Australian scientists create AI that converts brainwaves into words
text_fieldsResearchers in Australia are making strides in the field of neuroscience and artificial intelligence by developing a new system that can turn brainwaves into words.
This breakthrough AI model, created at the University of Technology Sydney (UTS), translates brain signals captured through an electroencephalogram (EEG) into readable text, effectively transforming thoughts into language.
The innovation is the result of work by PhD student Charles (Jinzhao) Zhou, alongside his supervisors Chin-Teng Lin and Dr. Leong. By using deep learning techniques, the model can detect specific brain signals and decode them into particular words.
In a demonstration, Dr. Leong wore a 128-electrode EEG cap and remained silent, yet the AI model output the sentence: "I am jumping happily, it's just me."
As reported by ABC News, the model currently operates using a limited vocabulary. This allows researchers to more accurately identify and match brainwave patterns to individual words during the early stages of development. The AI plays a critical role in distinguishing relevant signals from background noise, a complex task given that electrical activity from multiple regions of the brain tends to overlap when measured from the scalp.
Unlike Elon Musk's Neuralink, which requires surgical implants, this approach is entirely non-invasive. “We can't get very precise because with non-invasive, you can't actually put it into that part of the brain that decodes words,” said Lin, highlighting the trade-off between safety and precision.

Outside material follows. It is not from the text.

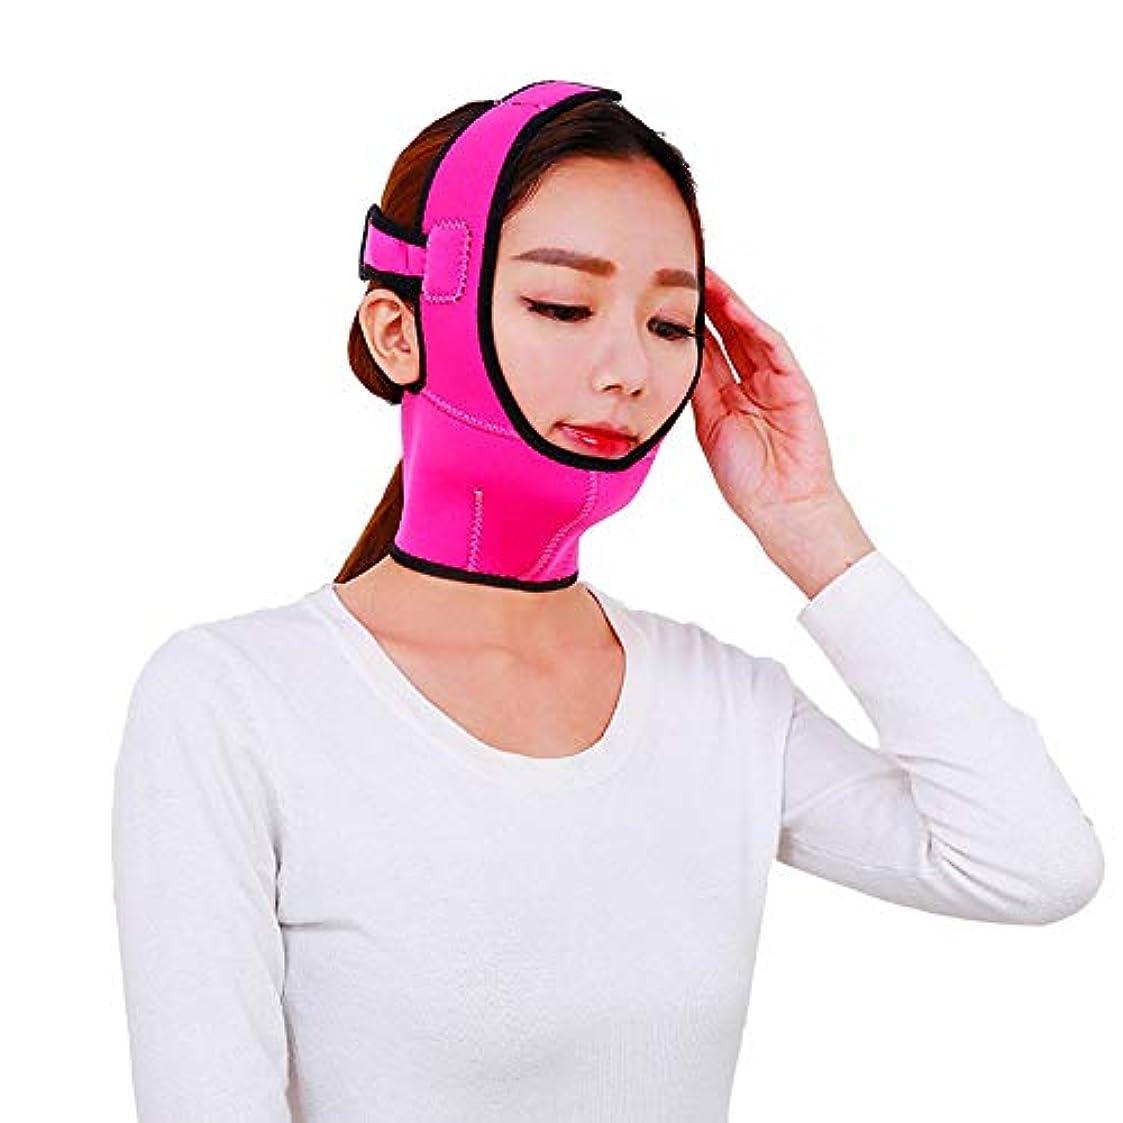 急行するおんどり市場Jia Jia- フェイシャルリフティング痩身ベルト - 薄いフェイス包帯フェイスマスクベルトフリーフェイシャルマッサージ整形マスクダブルチンワークアウト 顔面包帯

Despite current limitations, the research holds significant promise for applications such as stroke recovery, speech therapy for autistic individuals, and restoring communication for people living with paralysis.
This project is part of a broader global movement to harness AI and EEG data to explore the brain’s functions. In a related advancement, scientists at Mass General Brigham in the U.S. recently developed an AI tool capable of predicting cognitive decline by analyzing brain activity during sleep. That tool identified 85% of future cases of cognitive deterioration with a 77% overall accuracy rate.